▸ Task requirements: Where the listing shows an image, skip it and output all other material unchanged.

▸ Stored data:

-------

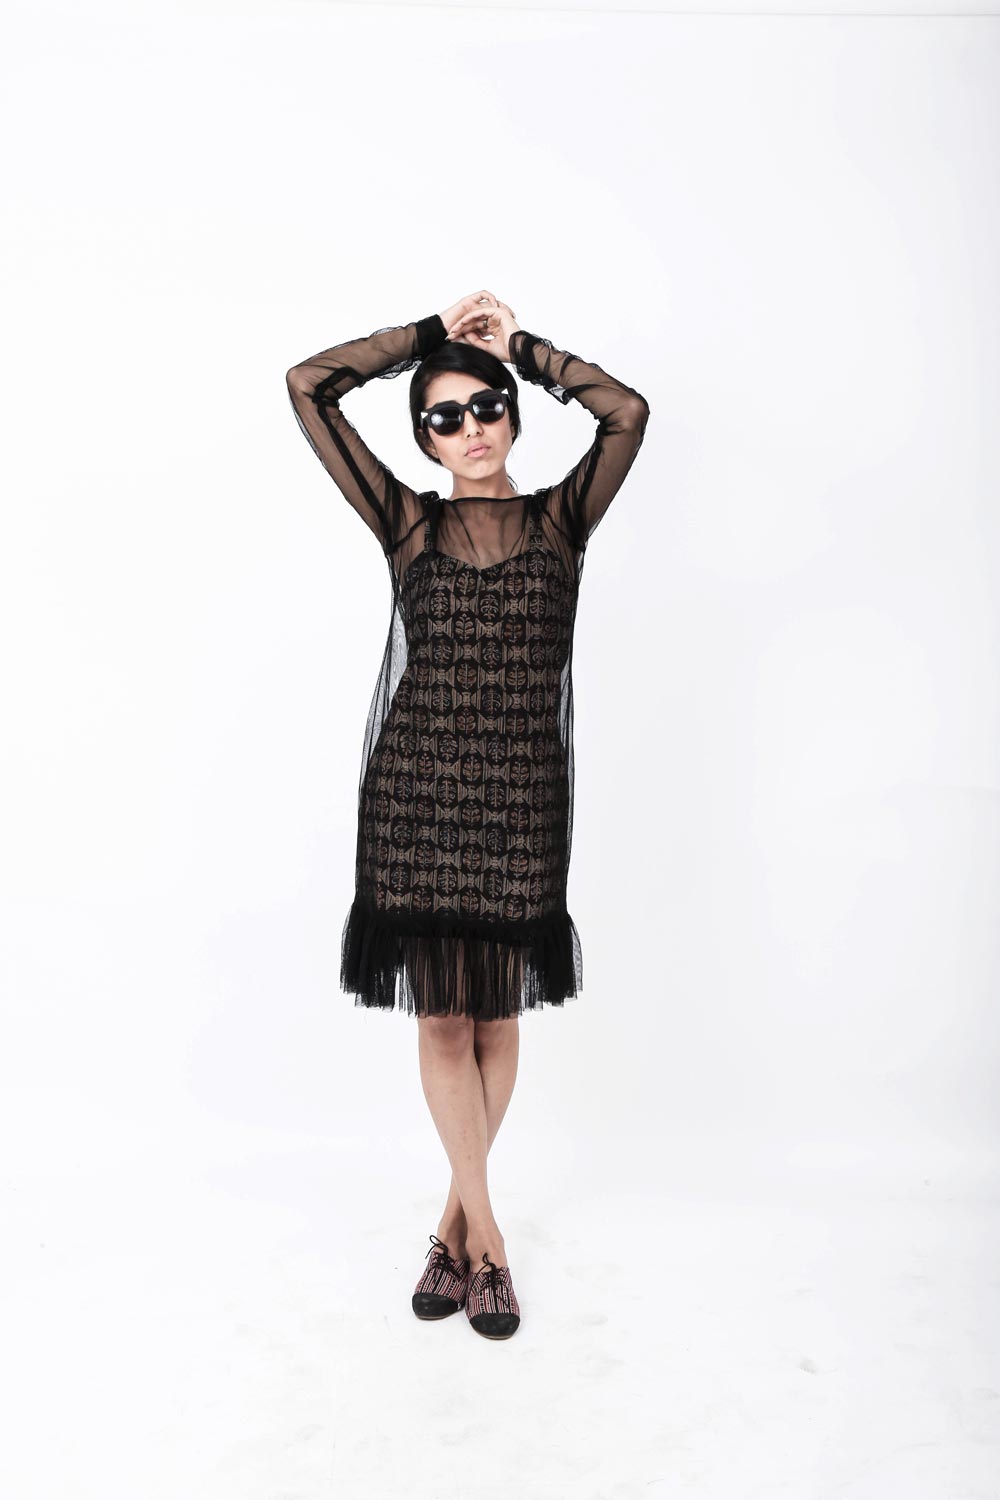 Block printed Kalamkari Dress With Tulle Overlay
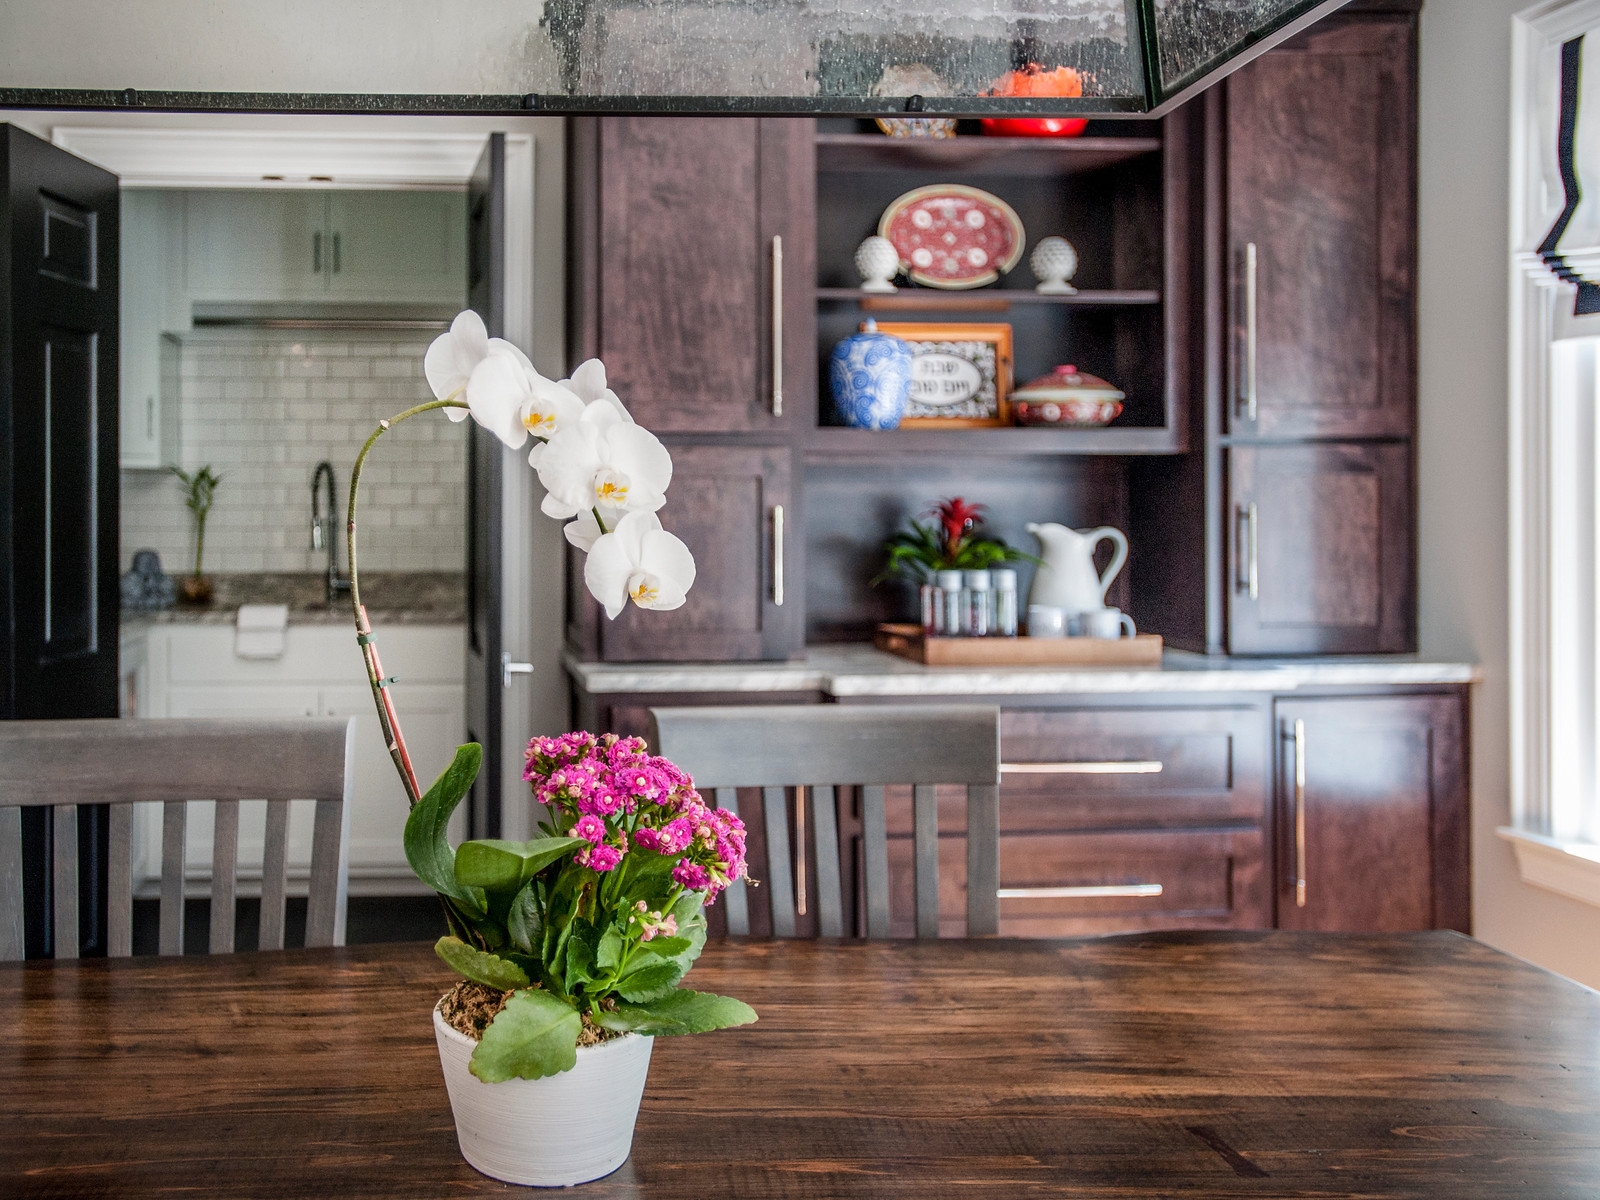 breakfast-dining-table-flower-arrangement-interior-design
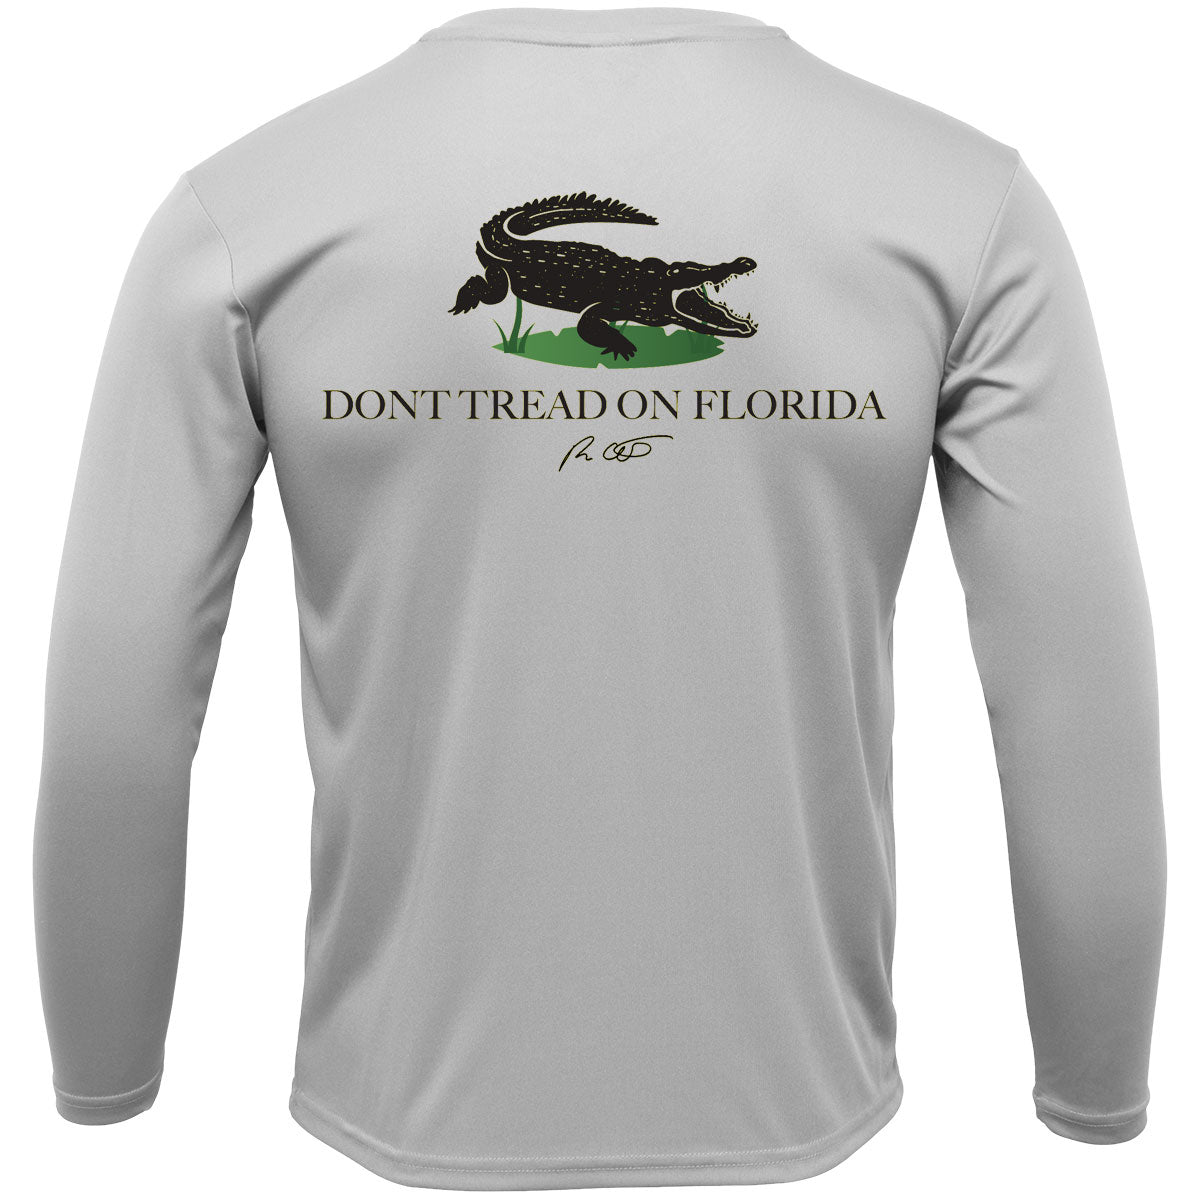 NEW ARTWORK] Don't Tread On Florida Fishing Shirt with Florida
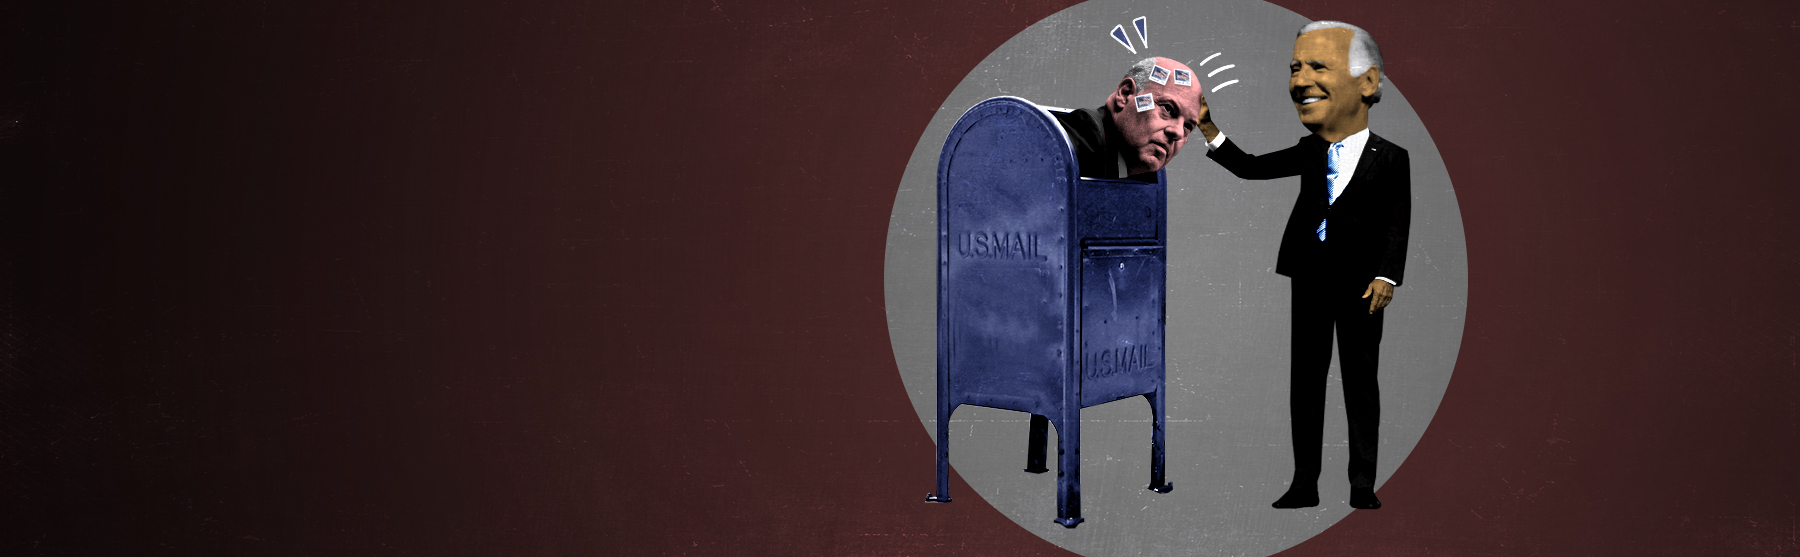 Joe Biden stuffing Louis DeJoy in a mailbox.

-------

▸ Result:
 Block printed Kalamkari Dress With Tulle Overlay
 breakfast-dining-table-flower-arrangement-interior-design
 NEW ARTWORK] Don't Tread On Florida Fishing Shirt with Florida
 Joe Biden stuffing Louis DeJoy in a mailbox.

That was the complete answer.